= Christine Quinn-Brintnall =

American jurist

Christine Quinn-Brintnall (1951 – May 19, 2014) was an American jurist.

Quinn-Brintnall took office in November 2000 after being elected to the Washington State Court of Appeals, Division II, which covers Pierce County and 12 other counties. Between 2004 and 2007, she served as the court's chief judge.

==Election==
Quinn-Brintnall prevailed in the 2006 primary election against Beth Jenson.

==Cancer diagnosis and retirement==
In April 2013, the Washington state court system announced Quinn-Brintnall was undergoing treatment for the skin cancer melanoma. In October 2013, Quinn-Brintnall notified Washington Gov. Jay Inslee that she would step down in January 2014. "While I am disappointed that I will not be able to finish my third term, I am confident that the governor will appoint a replacement who will serve the people of Washington well", she explained.

==Professional background==

Raised in Astoria, Oregon, she lived in Pierce County since 1973. She received a B.A. degree from The Evergreen State College and a Juris Doctor degree from the University of Puget Sound (1980), now Seattle University Law School.
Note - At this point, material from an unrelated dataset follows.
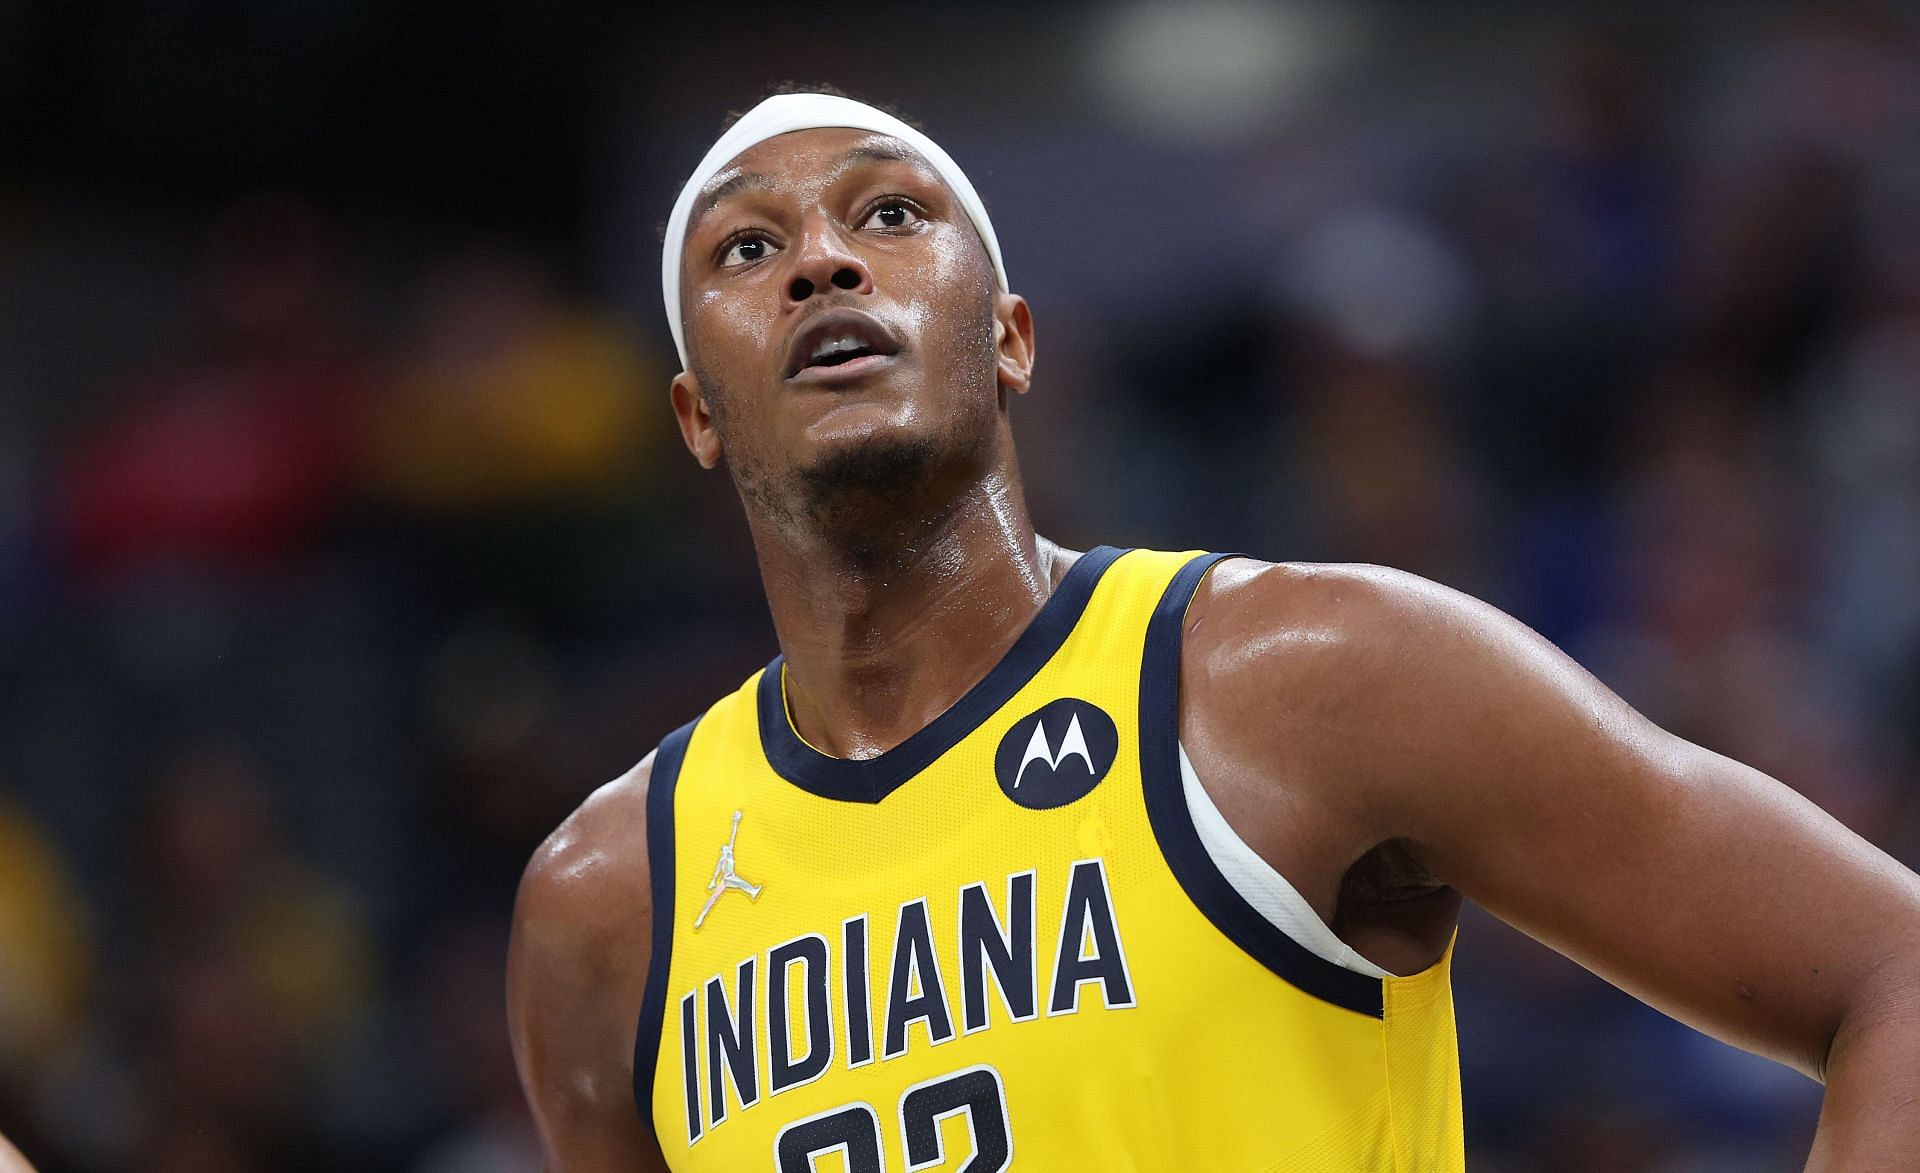 Myles Turner answers several of the Nets' interior issues.

At UPS she served on Law Review, was named Outstanding Woman Law Student for two years, and graduated with honors.

Quinn-Brintnall was an experienced trial attorney and appellate attorney. Before being elected to the bench, she worked for 15 years in criminal law and six years in public civil law. She argued many cases before the Court of Appeals and the state Supreme Court, including 97 published cases that set precedent.

While still in law school, Quinn-Brintnall worked for King County, Washington, as a Rule 9 intern on felony prosecutions and appeals. After completing law school, she clerked for Judge James A. Andersen at the Court of Appeals, Division I, and then worked for King County as a deputy prosecuting attorney.
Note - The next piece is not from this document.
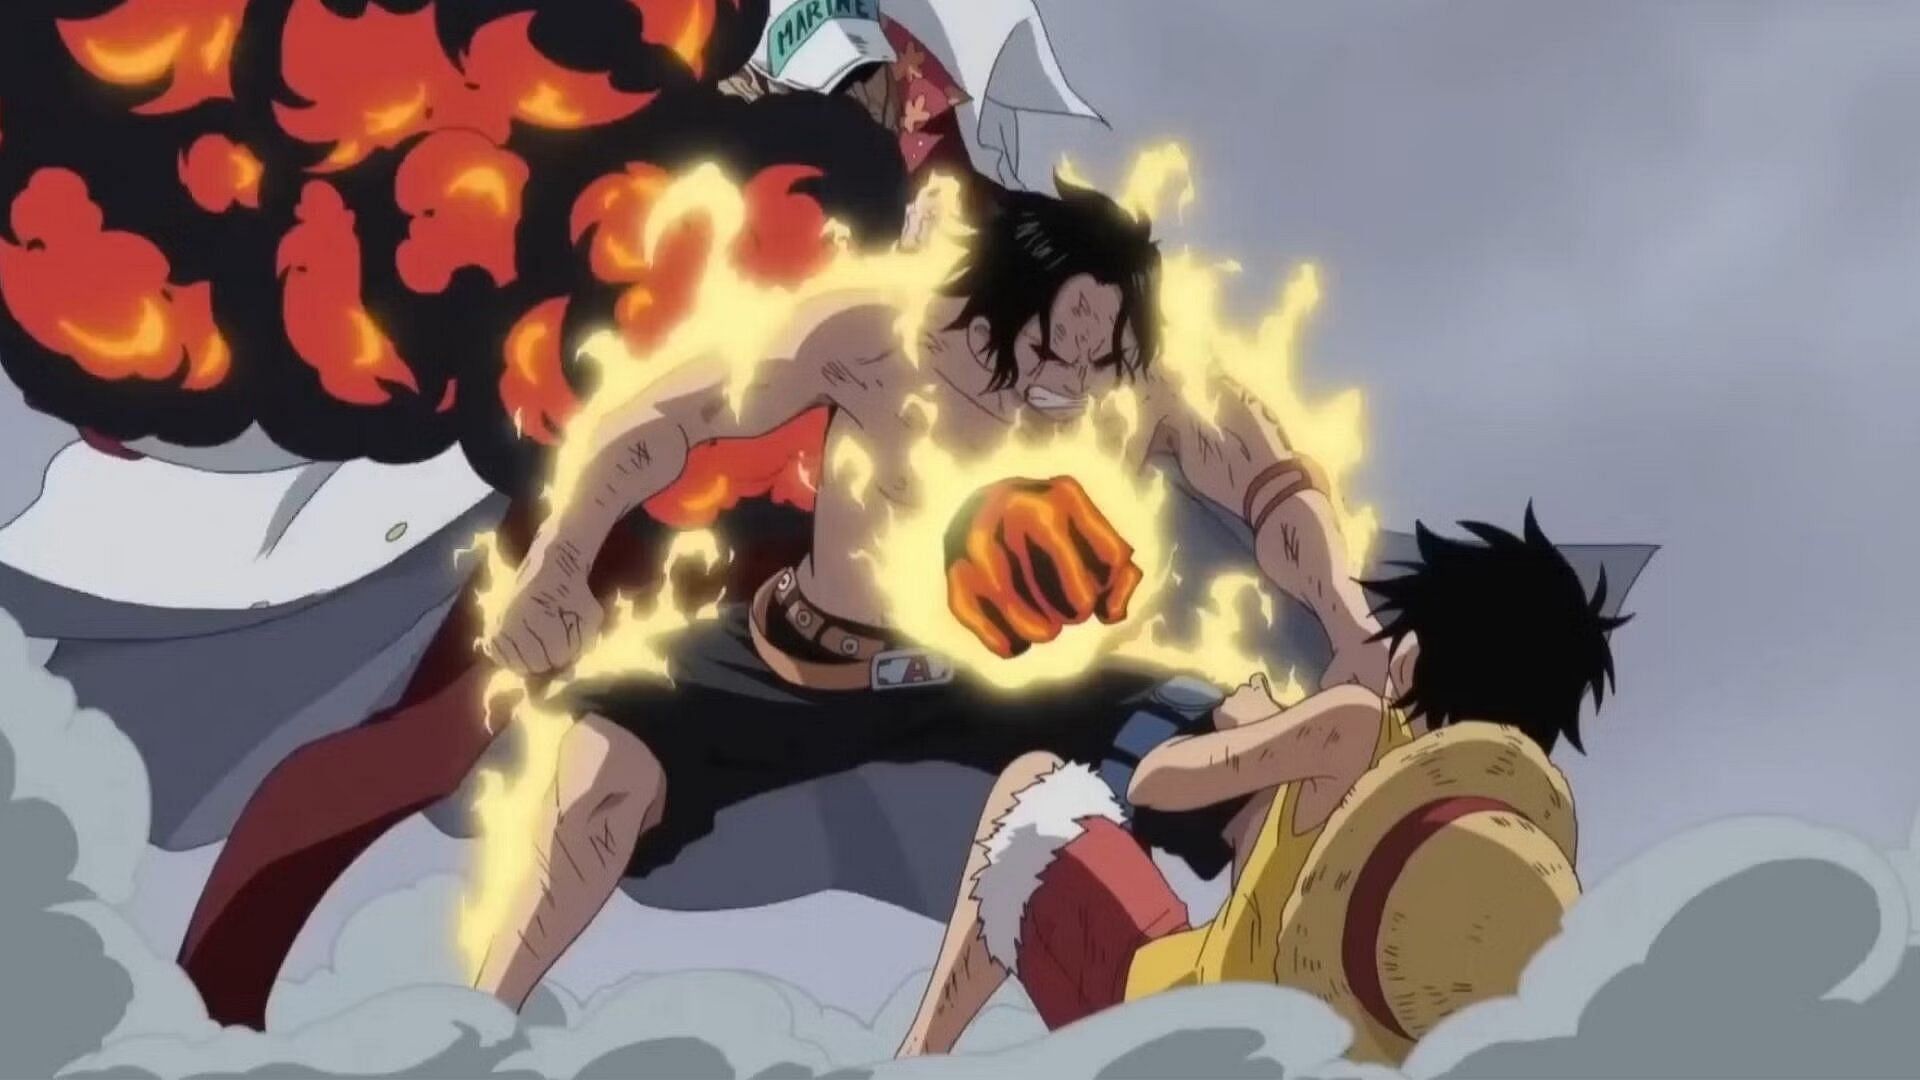 Ace dying at the hands of Akainu in the anime (Image via Toei Animation).

For Pierce County government, Quinn-Brintnall was chief criminal deputy (1983–1986) under prosecuting attorney William Griffies and then senior criminal prosecutor and head of the appeals unit (1986–94) under prosecuting attorney John Ladenburg. In 1994 she moved into the civil division of the Pierce County Prosecuting Attorney's Office. She worked there for six years on a variety of civil topics, including annexations, incorporations, land use, contracts, bankruptcy, elder care, juvenile law, labor law, and privacy issues.

==Community affairs and personal life==
Active in community affairs, Quinn-Brintnall served on the boards of the Emergency Food Network, Werlin Reading Teams, and Tacoma Youth Symphony. She supported the Christian Brotherhood Academy and serves on its advisory committee. She completed a three-year term on the vestry of St. Matthew Episcopal Church. She had been a volunteer reading tutor in the Tacoma public schools for five years. For relaxation, she played flute and piano.

Quinn-Brintnall had two grown sons, Lincoln and Collin Quinn-Brintnall. Her husband, Matt Temmel, recently retired from his job as a Pierce County performance audit coordinator. His sons are Mark and Dominic Temmel.

==Death==
Quinn-Brintnall died on May 19, 2014.